Experiment! try different ingredients like broad beans and different seasoning.

If you are drinking a good Jerez sherry to accompany this dish, then one common variation that works well with seafood, is to add a splash of sherry to the stock during cooking. The salty taste in the sherry adds that 'seafood' taste to the dish.

Monday, 16 January 2012

WANTED!

I have had a particular request for cup cake recipes from a friend who got a cup cake maker for Christmas. Any out there, especially if unusual...

Tea Loaf

this is a weightwatchers recipe which can be adapted to normal, non calorie counting members of the population with the addition of a thick layer of butter on each slice...

take
125g brown sugar
125g mixed fruit
250 ml cold tea
soak the above overnight (or, if in a hurry, just stir together)
add 
300g self raising flour
1 beaten egg
and mix well together
bake for 1hour, 15 mins
at 160 degrees C/320 degrees F/433 Kelvin/Gas Mark3 in a 2lb loaf tin (silicon one is best)

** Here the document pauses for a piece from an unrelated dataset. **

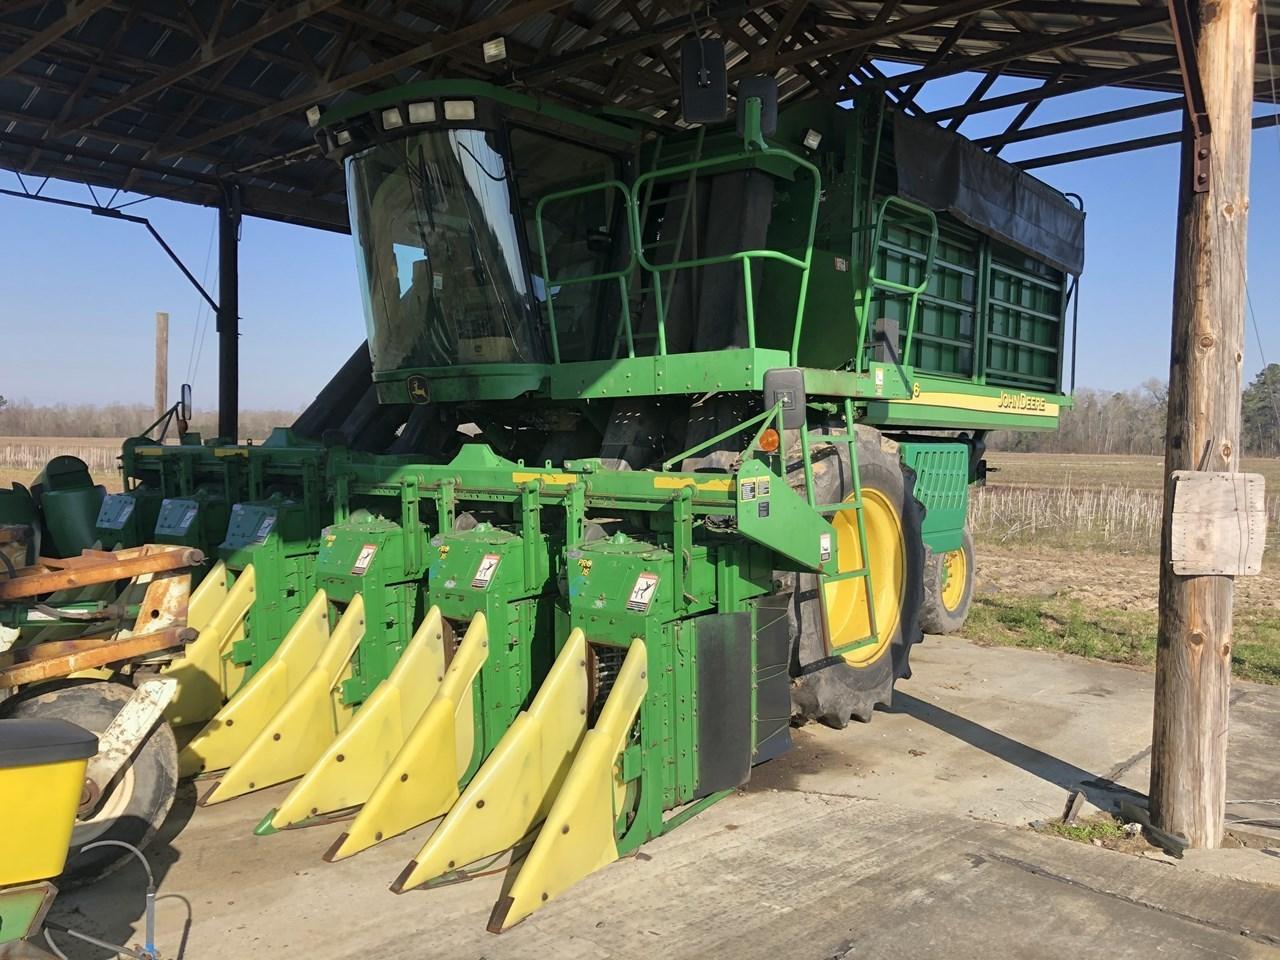 2005 John Deere 9996 Cotton Picker For Sale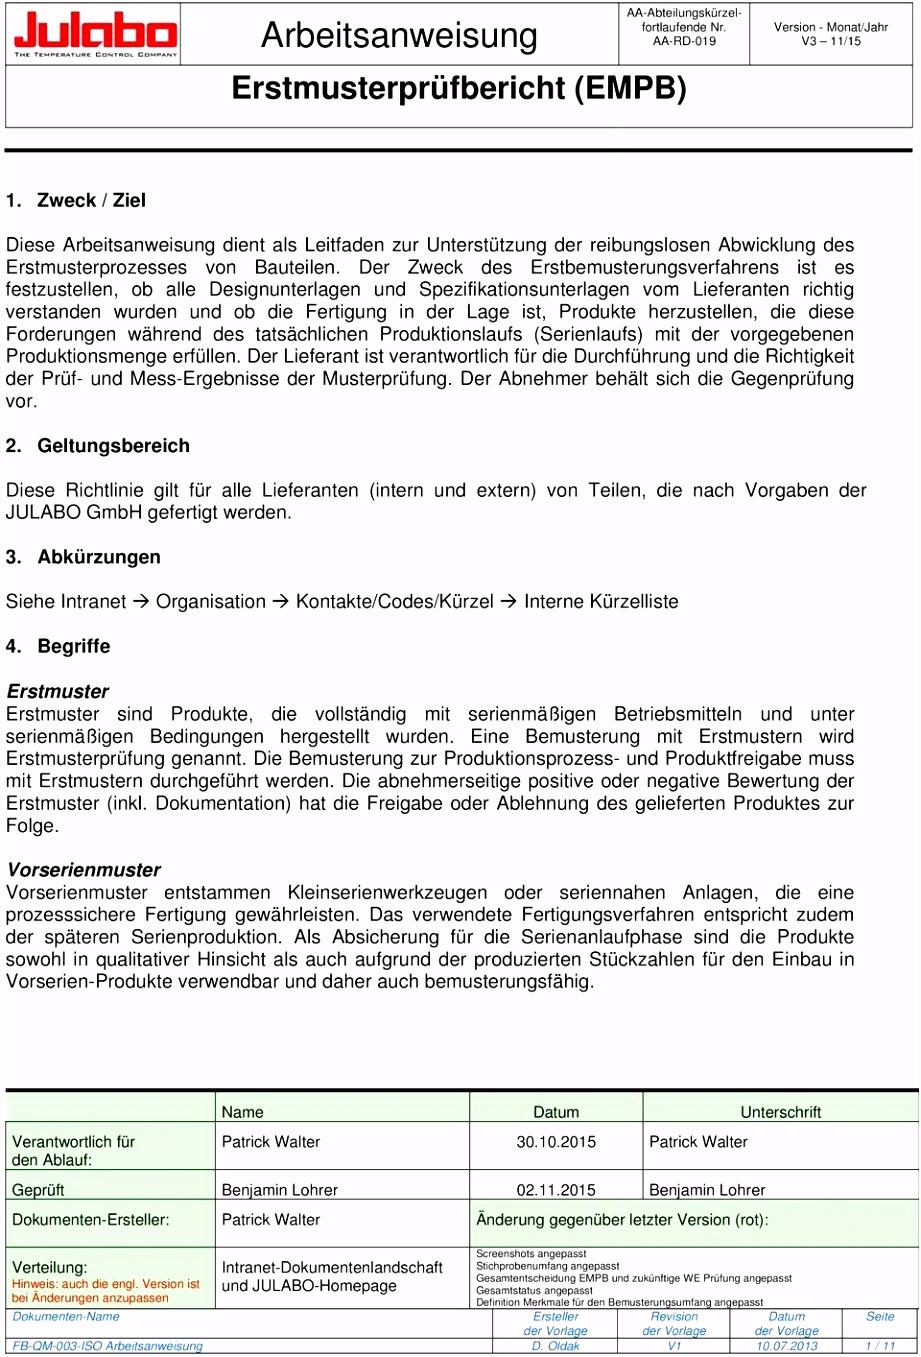 Arbeitsanweisung Erstmusterprüfbericht EMPB PDF

This freezes very well, but if in the vicinity of any bods, won't last long as very more-ish. It can be easily adapted by adding different fruits, nuts etc.... If any STU readers do this please add variations in the feedback. That is asuming there are people out there reading? Still looking for contributors...

Sunday, 8 January 2012

New postings

Good films corner. You know fairly wholesome ones that aren't kiddies but not an 18.

Breakfast Munching Muffins

useful if you always end up going out the door without breakfast in your tum cos you're running late...

100g/4 oz ready to eat apricots, chopped
4 tbs orange juice
2 large eggs
142ml carton soured cream
100 ml/3 1/2 fl oz sunflower oil
85g/3oz golden caster sugar
300g/10oz self raising flour, sifted
1 tsp baking powder
50g/2oz crunchy muesli
12 heaped tsp marmalade

FOR THE TOPPING
50g/2 oz light muscovado sugar
2 tbs sunflower oil
50g/2 oz crunchy muesli

1) preheat oven to 190 c/gas mark 5/ fan oven 170 c
2) beat eggs, mix in soured cream, oil and sugar. stir into the apricot mixture. put the flour, baking powder and muesli in a large bowl, then gently stir in the apricot mixture. don' t overmix.
3) spoon into 12 muffin cases.dip thumb in a little flour, then make a deep thumbprint in each muffin. fill with marmalade.
4) combine topping ingredients and sprinkle over top of muffins. bake for 25-30 mins until well risen and golden.